Sep 16 00:42:01 deployment-logstash03 CRON[6935]: (root) CMD (/usr/bin/curator --config /etc/curator/config-logstash.yaml /etc/curator/cleanup_logstash.yaml > /dev/null)
Sep 16 00:42:01 deployment-logstash03 CRON[6934]: (root) CMD (/usr/bin/curator --config /etc/curator/config-apifeatureusage-deployment-elastic05.deployment-prep.eqiad.wmflabs.yaml /etc/curator/cleanup_apifeatureusage-deployment-elastic05.deployment-prep.eqiad.wmflabs.yaml > /dev/null)

The cleanup ones logs to /var/log/elasticsearch/curator-logstash.log which is empty. The cleanup one filters indices based on a name prefix of logstash-.

The config has:

client:
  hosts:
    - 127.0.0.1
  port: 9200
  url_prefix:
  use_ssl: False
  timeout: 30
  master_only: False

We can list the aliases with: curl 'http://127.0.0.1:9200/_cat/indices/?s=index'


I have tried to run the command manually and surely it fails:

sudo /usr/bin/curator --config /etc/curator/config-logstash.yaml /etc/curator/cleanup_logstash.yaml --dry-run
Traceback (most recent call last):
  File "/usr/bin/curator", line 11, in <module>
    load_entry_point('elasticsearch-curator==4.2.5', 'console_scripts', 'curator')()
  File "/usr/lib/python2.7/dist-packages/click/core.py", line 716, in __call__
    return self.main(*args, **kwargs)
  File "/usr/lib/python2.7/dist-packages/click/core.py", line 696, in main
    rv = self.invoke(ctx)
  File "/usr/lib/python2.7/dist-packages/click/core.py", line 889, in invoke
    return ctx.invoke(self.callback, **ctx.params)
  File "/usr/lib/python2.7/dist-packages/click/core.py", line 534, in invoke
    return callback(*args, **kwargs)
  File "/usr/lib/python2.7/dist-packages/curator/cli.py", line 166, in cli
    client = get_client(**client_args)
  File "/usr/lib/python2.7/dist-packages/curator/utils.py", line 603, in get_client
    'Error: {0}'.format(e)
elasticsearch.exceptions.ElasticsearchException: Unable to create client connection to Elasticsearch.  Error: Elasticsearch version 5.6.15 incompatible with this version of Curator (5.6.15)

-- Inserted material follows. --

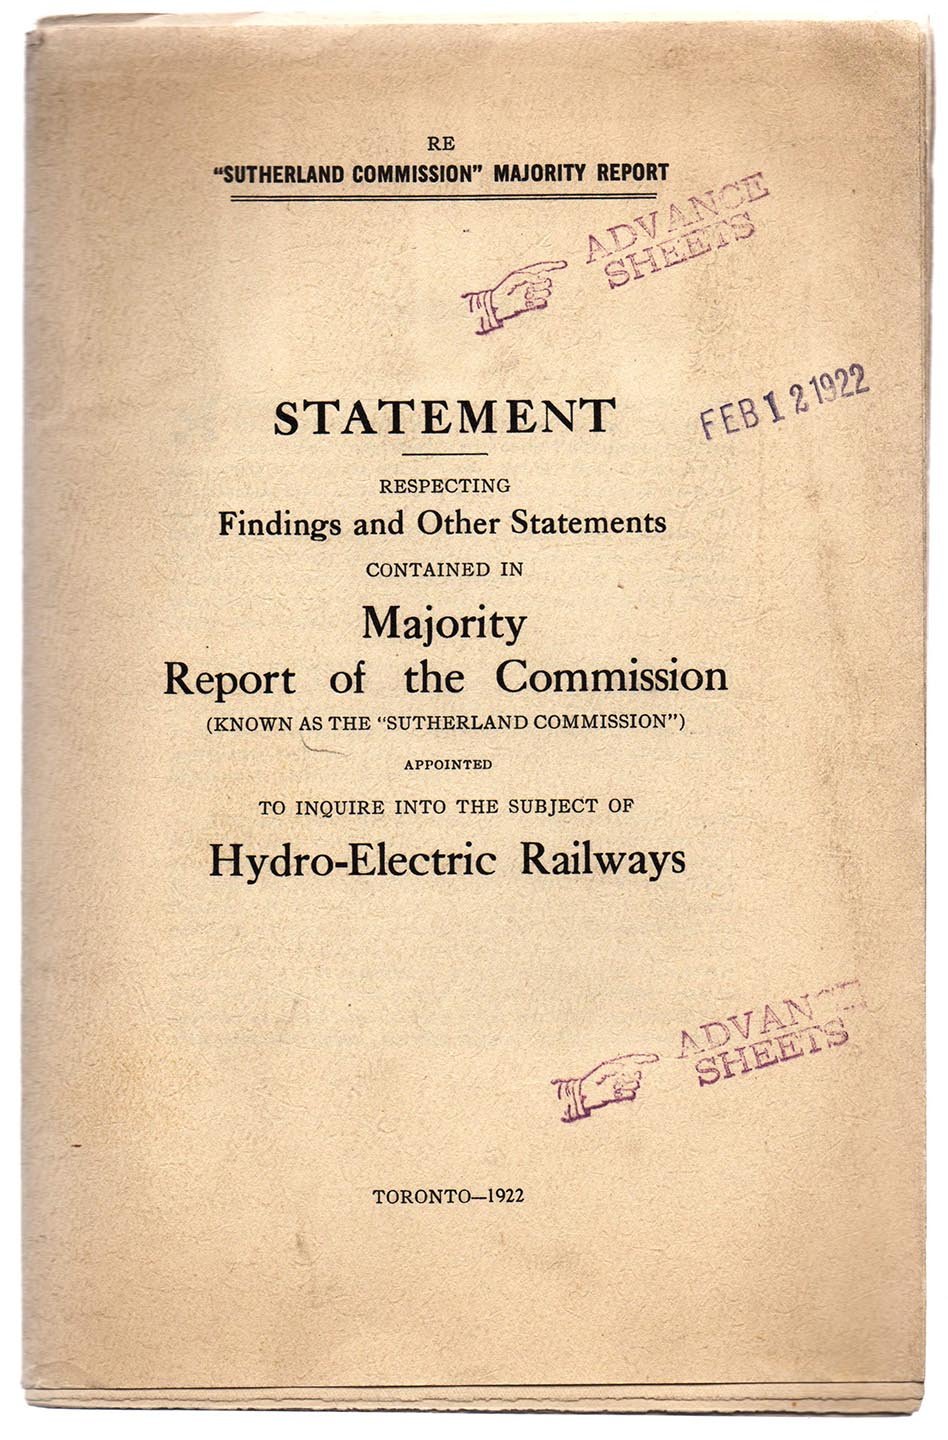 Statement Respecting Findings and Other Statements Contained in Majority Report of the Commission (Known as the "Sutherland Commission") Appointed to Inquire into the Subject of Hydro-Electric Railways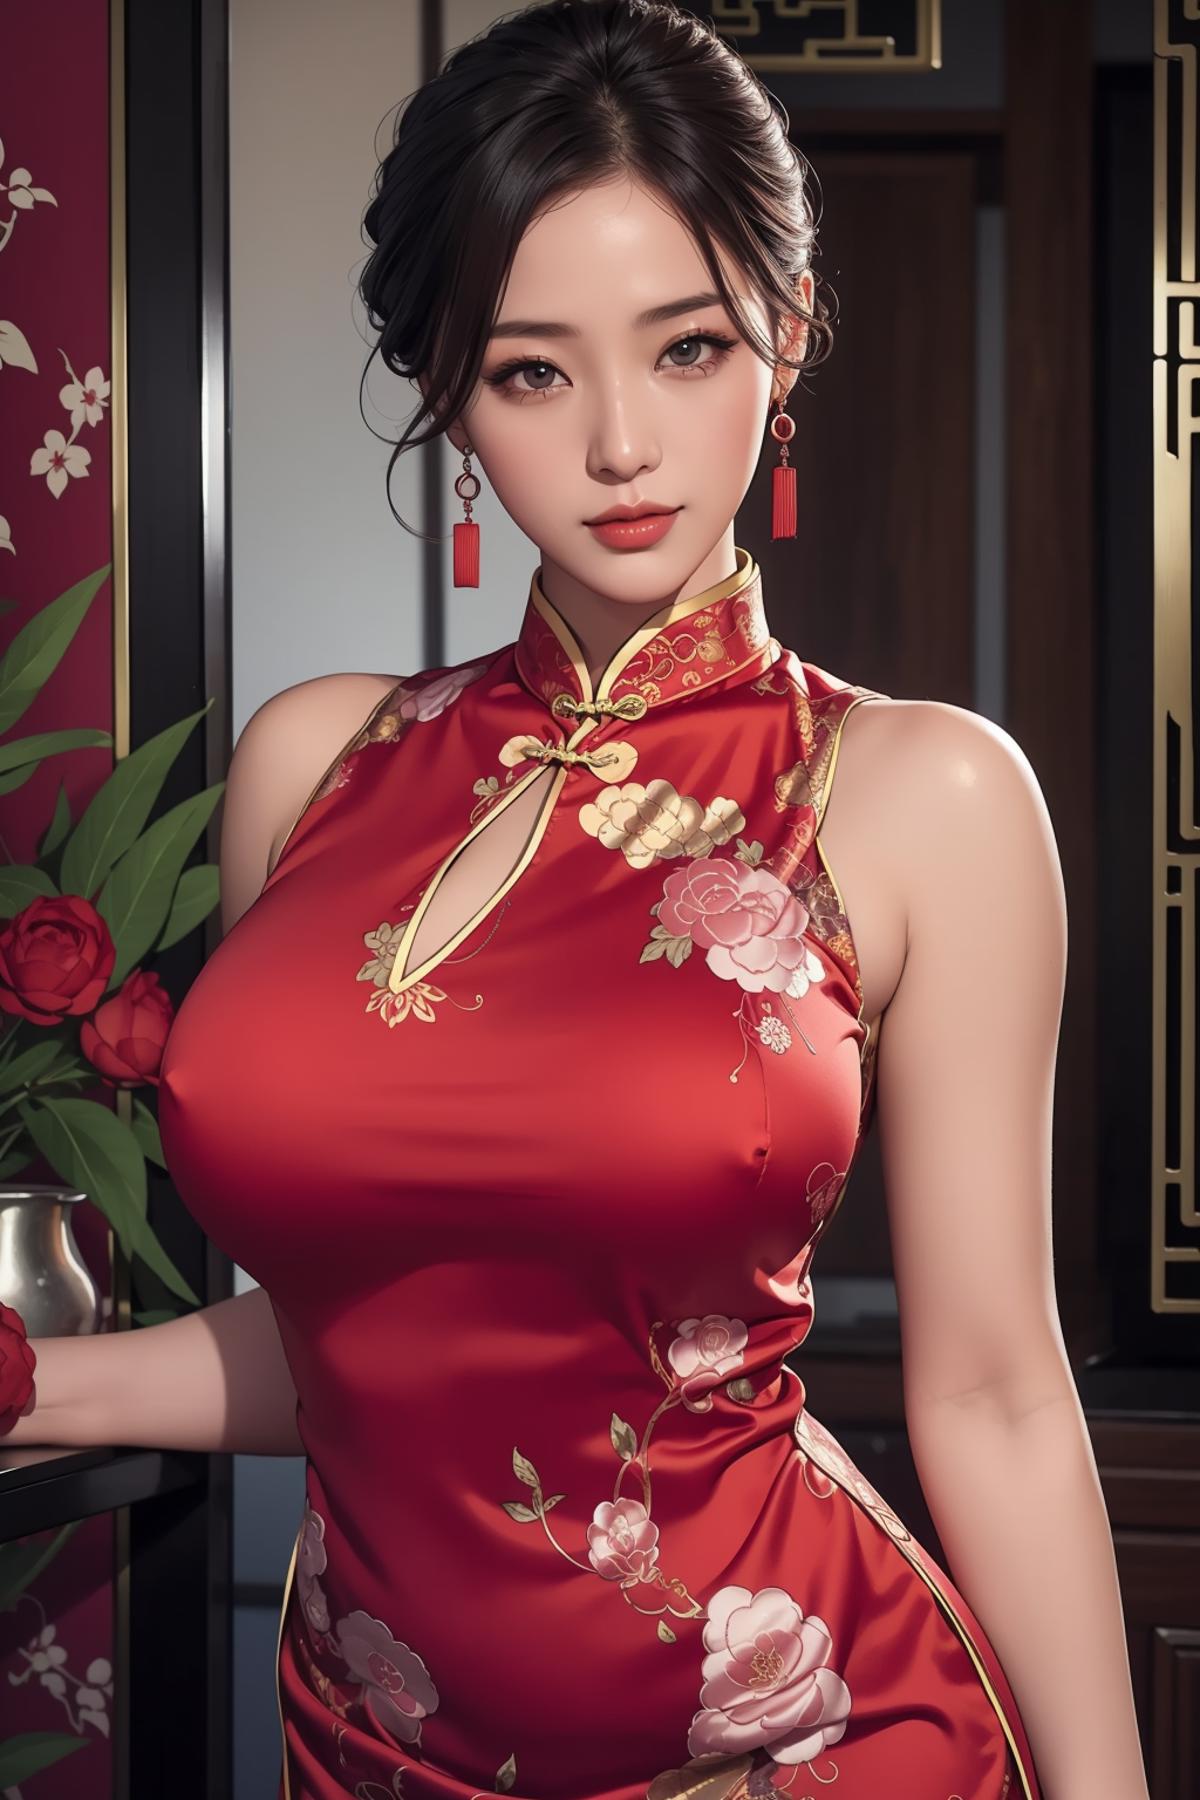 A beautiful Asian woman wearing a red traditional Chinese dress, complete with a phoenix design.

Which is send to stderr and I guess is shallowed by CRON.

Note the script attempts to load the entry point elasticsearch-curator==4.2.5 which comes from the Debian package:

$ apt-cache policy elasticsearch-curator
elasticsearch-curator:
  Installed: 4.2.5-1
  Candidate: 4.2.5-1
  Version table:
 *** 4.2.5-1 500
        500 http://deb.debian.org/debian stretch/main amd64 Packages
        100 /var/lib/dpkg/status

Not sure why the error message states Curator is 5.6.15.

In production we seem to use a more recent package from thirdparty/elasticsearch-curator5:

modules/profile/manifests/elasticsearch.pp
apt::repository { 'wikimedia-curator':
    uri        => 'http://apt.wikimedia.org/wikimedia',
    dist       => "${::lsbdistcodename}-wikimedia",
    components => 'thirdparty/elasticsearch-curator5',
    before     => Class['::elasticsearch::curator'],
}

That is not deployed on deployment-logstash03. The host is running Stretch, hence we would get elasticsearch-curator 5.6.0 if we used the apt component:

$ curl -shttps://apt.wikimedia.org/wikimedia/dists/stretch-wikimedia/thirdparty/elasticsearch-curator5/binary-amd64/Packages|grep grep -E '^(Version|Package)'

Package: elasticsearch-curator
Version: 5.6.0

I had a quick look at /var/lib/puppet/state/classes.txt, it has the profiles/roles:

profile::base
profile::base::certificates
profile::base::labs
profile::base::puppet
profile::ldap::client::labs
profile::openstack::base::clientpackages::vms
profile::openstack::base::observerenv
profile::openstack::eqiad1::clientpackages::vms
profile::openstack::eqiad1::cumin::target
profile::openstack::eqiad1::observerenv
profile::standard
profile::wmcs::instance
role::aptly::client
role::prometheus::node_exporter
role::wmcs::instance

And I dont see a logstash profile/role :-\

In conclusion:

  • curator stderr should be logged / alarming
  • one should apply profile::elasticsearch with all the appropriate config
  • possibly find out why we dont have logstash related role/profile applied. I have no idea how the instance got provisionned originally without those.

Since we moved to the new beta logging cluster, is this issue still occurring?

taavi added a subscriber: taavi.

This seems no longer happening.